As Daddy was far more straight-laced than Mummy, I don’t know how he reacted when he first discovered my mother’s penchant for dusting the picture rails nude. He joined the qualities of being Jewish and being Scottish together — a formidable combination. A sombre, emotionally reserved man, he was measured, entirely moderate in every respect. He would always say, ‘Miriam, behave yourself.’ Of course, I haven’t, alas. He was a man who found it difficult to express joy, whereas my mother was a forthrightly joyous person. She was also tempestuous, unmeasured and immoderate in almost every aspect of her personality — and her habits.
They both agreed, however, that I must be educated. They encouraged my reading and studying from an early age. I liked Enid Blyton’s Sunny Stories and Miss Blyton’s oeuvre in general; I didn’t have an elevated literary world. I joined a library; in those days, local councils put money into libraries and the Oxford City Library was magnificent. I used to get through about six books a week. I loved stories set in girls’ schools; I think I read nearly all fifty-seven of the Chalet School series: The Exploits of the Chalet Girls, The Chalet School Triplets, Excitements at the Chalet School, A Genius at the Chalet School, etc. etc. etc., by Elinor Brent-Dyer. I especially enjoyed the ‘Dimsie’ books by Dorita Fairlie Bruce, or The Girls of St Bride’s, That Boarding School Girl, and The Best Bat in the School, etc., in her long-running St Brides and Maudsley series featuring Nancy Caird.
Daddy was not artistic; he went to the theatre only because Mummy insisted. He thought films and theatre were unnecessary, slightly absurd. He was tone-deaf, a legacy he passed to me which I could have done without. He didn’t notice pictures, or other works of art. When he was in his nineties, living with me in London, I commissioned Anne Christie to paint his portrait. He didn’t like the finished picture — ‘I look so small,’ he complained.
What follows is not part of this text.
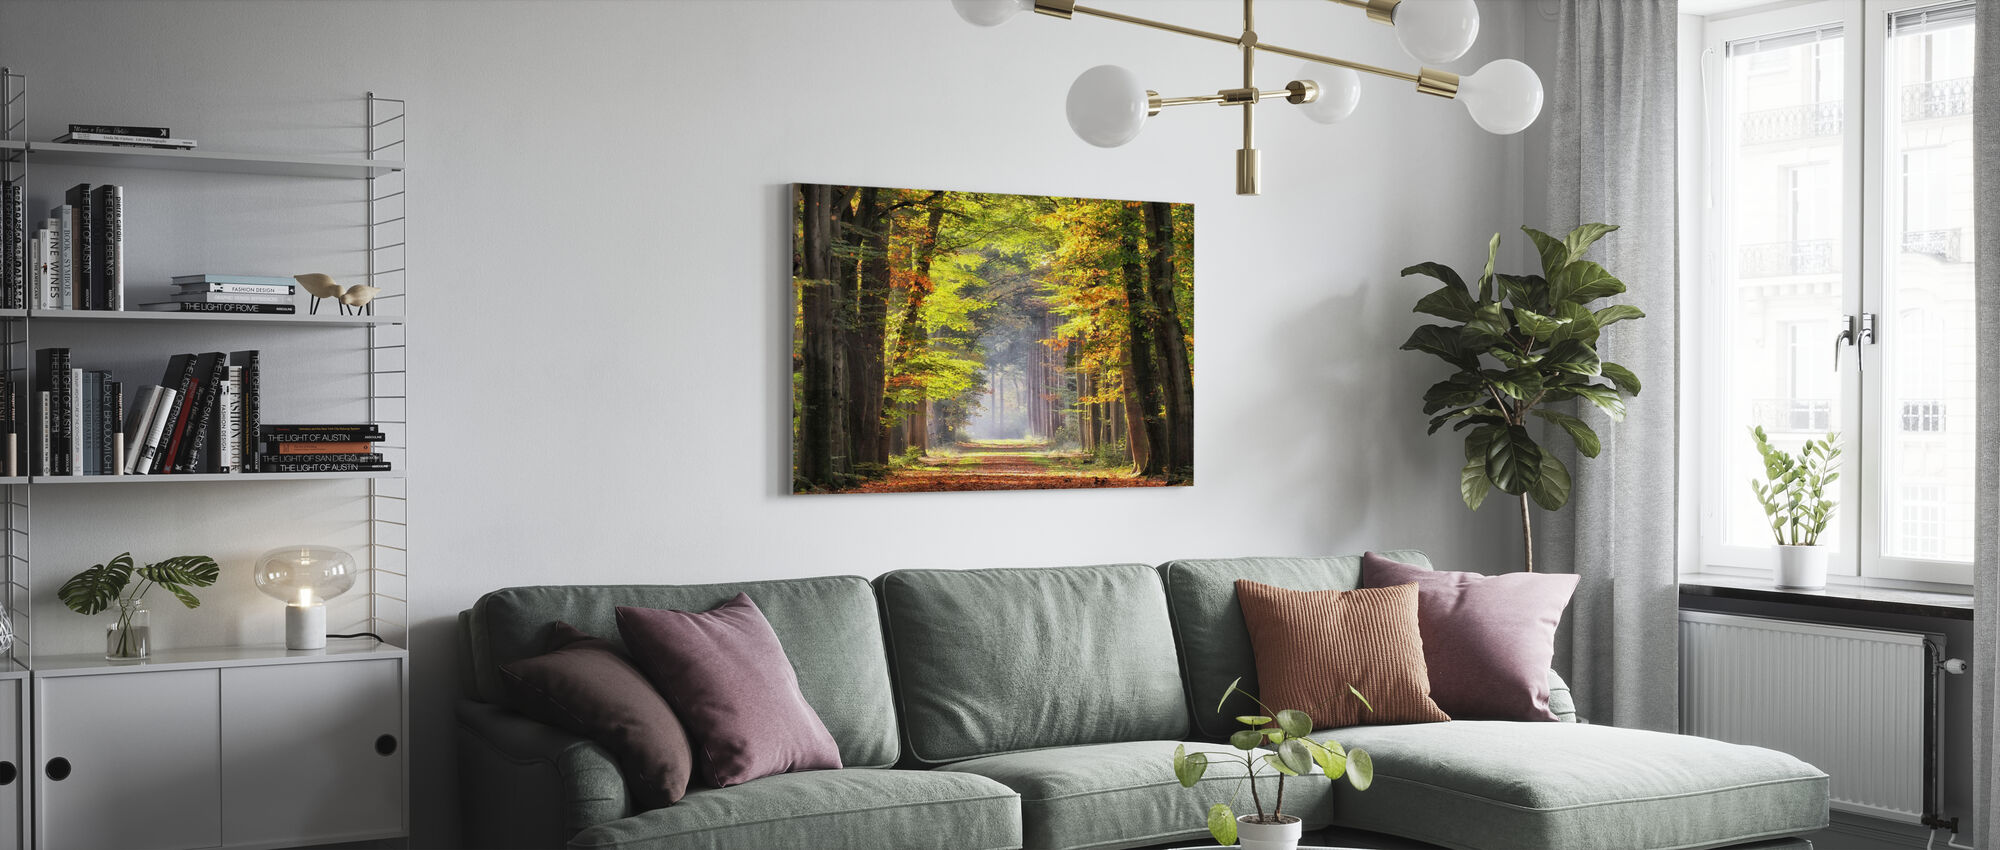 Avenue of Beech Trees - Canvas print - Living Room

It hangs behind me as I type — I love it. Daddy did enjoy the radio, and listened every night when he came home from surgery. It’s That Man Again was a great favourite and, later, when television was permitted to enter the house,[3] Dad’s Army. He never told jokes but he was a terrible tease. I hated being teased, and he never stopped.
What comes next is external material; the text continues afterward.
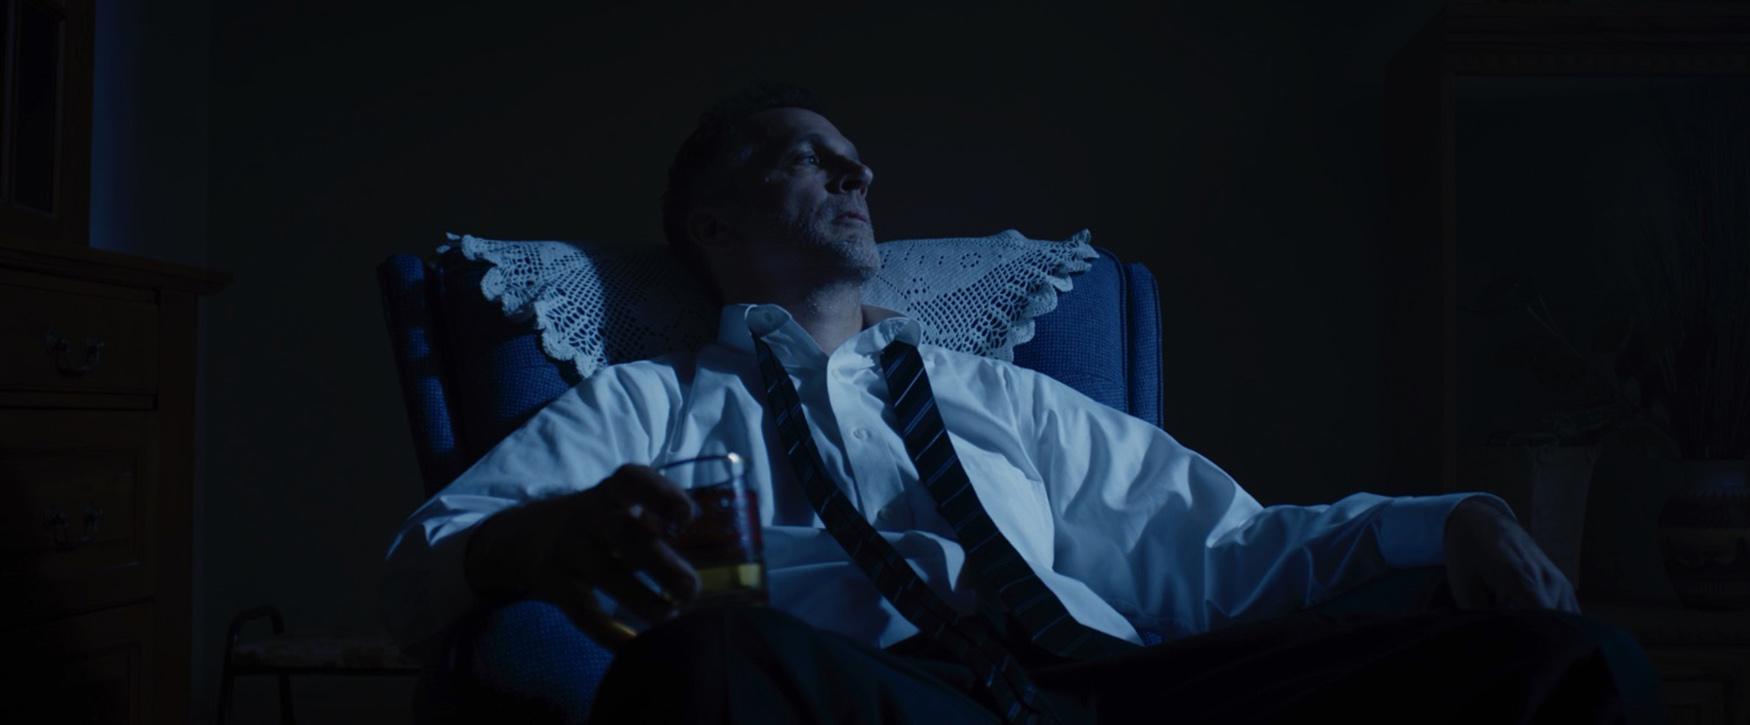 They Who Surround Us - Roman in Chair - Un thème parfait

Mummy appreciated literature, but she especially loved going to the ballet and the theatre. She insisted that she and my father continued to go to the theatre in Oxford every week as they had done in London, and they had permanent seats at the New Theatre Oxford (now the Apollo).
3
We didn’t have a television for a long time: my parents felt it would distract me from study and so deprived themselves and me.